Strange vehicles arrived and left. Horses and other animals of transportation, too. But he didn't care for any of that. Serin Ghor was watching the patrons arrive and leave.

Wind pulled at his battered old cloak but he ignored it except to shove the frayed cowl back from his tortured face. Clawed hand dropped to wrap over the roof's edge and peer down beyond the eaves then back at the inn.

His other hand habitually gathered the large, thick medallion and merely held it pressed against his palm as if he didn't realize he was clutching it at all. The scent of rain pulled his head up and nostrils flared. Maybe it would pour and wash some of the heat away from stone, wood, man, and beast alike.

"It seems to me that you always look so stern when much is on your mind..."
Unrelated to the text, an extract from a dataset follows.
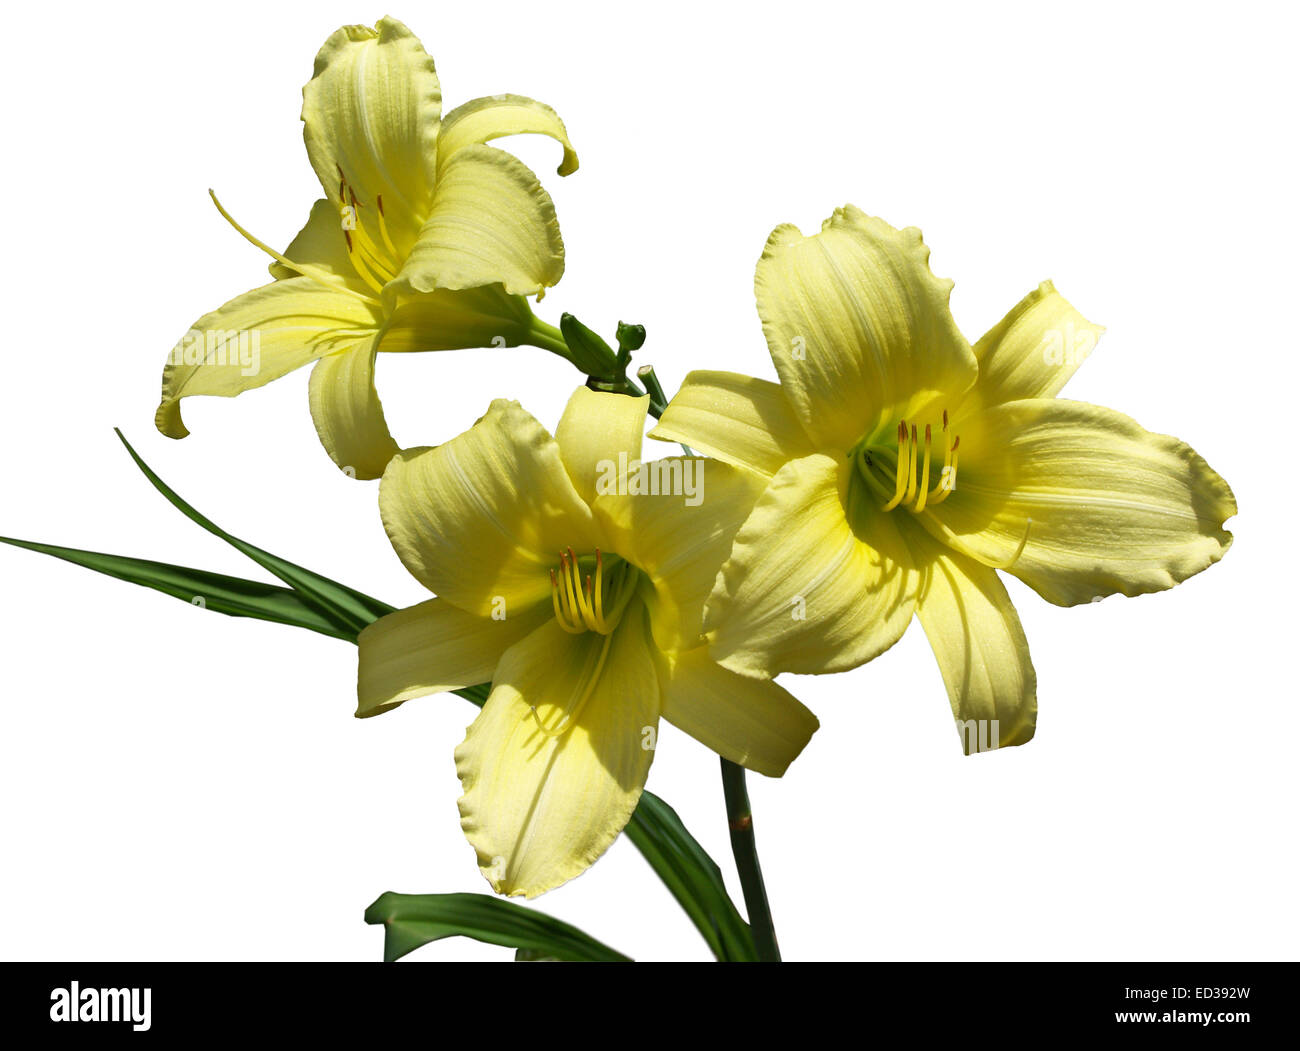 Groupe de trois belles fleurs de l'hémérocalle jaune pâle, 'hybride' de Yellowstone, avec des feuilles vert foncé à l'arrière-plan blanc Banque D'Images

Serin scowled at nothing and no one. The words were hers and she was dead. Plagued by a low degree of madness. He was certain of it. But if he pushed her away too much and too strongly, then what would he have left of her? He knew better than to send her away completely. Even a madman needed a focal and hers was a beauty and grace like none other he could remember. "I am just thinking of when we first met, Beloved. It gets harder and harder to see your face. And I only remember your dress...and you spilling the wine..." Why was that' He could not remember anything else of that day.

"Ohh yes. Much an embarrassment to me as it was to my father. What a mess...red wine on white skirts..."

He heard her laughing again. His head lowered as he let go of the medallion so he could rest his forehead heavily against the meat of his scarred palm. Clawed fingers wrapped over the top of his head. "Hush now, Beloved..." Begged with a graveled utterance. It was giving him a headache.

Silence followed immediately after until the wind rushed through trees and chimney stacks, over rooftops to pull at his cloak again. There it was. Peace moved over him as the breeze did. He breathed it in and the scent of coming rains. Off in the distance thunder rolled and lightening flashed high up in the levels of clouds.

As the storm slowly made its way into the area he heard nothing more from her. And his head stopped its aching for a while. Garish face turned so he could go back to watching the inn before and below where he was perched on the room across from it.

Serin

Date: 2016-08-06 00:06 EST
The rains hit in sparse but large drops, smacking against the wood shingles about where he was crouched. His hand wrapped over the edge of the roof relaxed. As he pulled it back his claws scraped lazily against the surfaces.

It was not long before the rain came as the wind had promised him. Heavy, torrential waves poured down upon him until the dark mane of hair and beard were dripping with it and his clung and held its weight.

He shook it off at one point only to have more of the night's rain shower down steadily on him. Serin easily watched through it. The rains were nothing that detoured the beast from seeing the street and people hurrying to get inside before they got wet.

Another breath was dragged into his lungs. Though it was raining, people were still on the streets and coming and going from the inn and other shops near it.

Something in the sky was heard, not wind or rain. For a time, he lifted his face to the heavens where the storm hid the land's moons even from his gaze. Whatever it was with wings beating on the rain-drenched wind, it eluded him. Eyes could not see it, scent could not fixate on it and figure it, and ears did not recognize it.

Serin gave a violent shake of his mane and looked back to the inn. There was reason to be where he was and not inside the magic-protected building that had stood for generation after generation.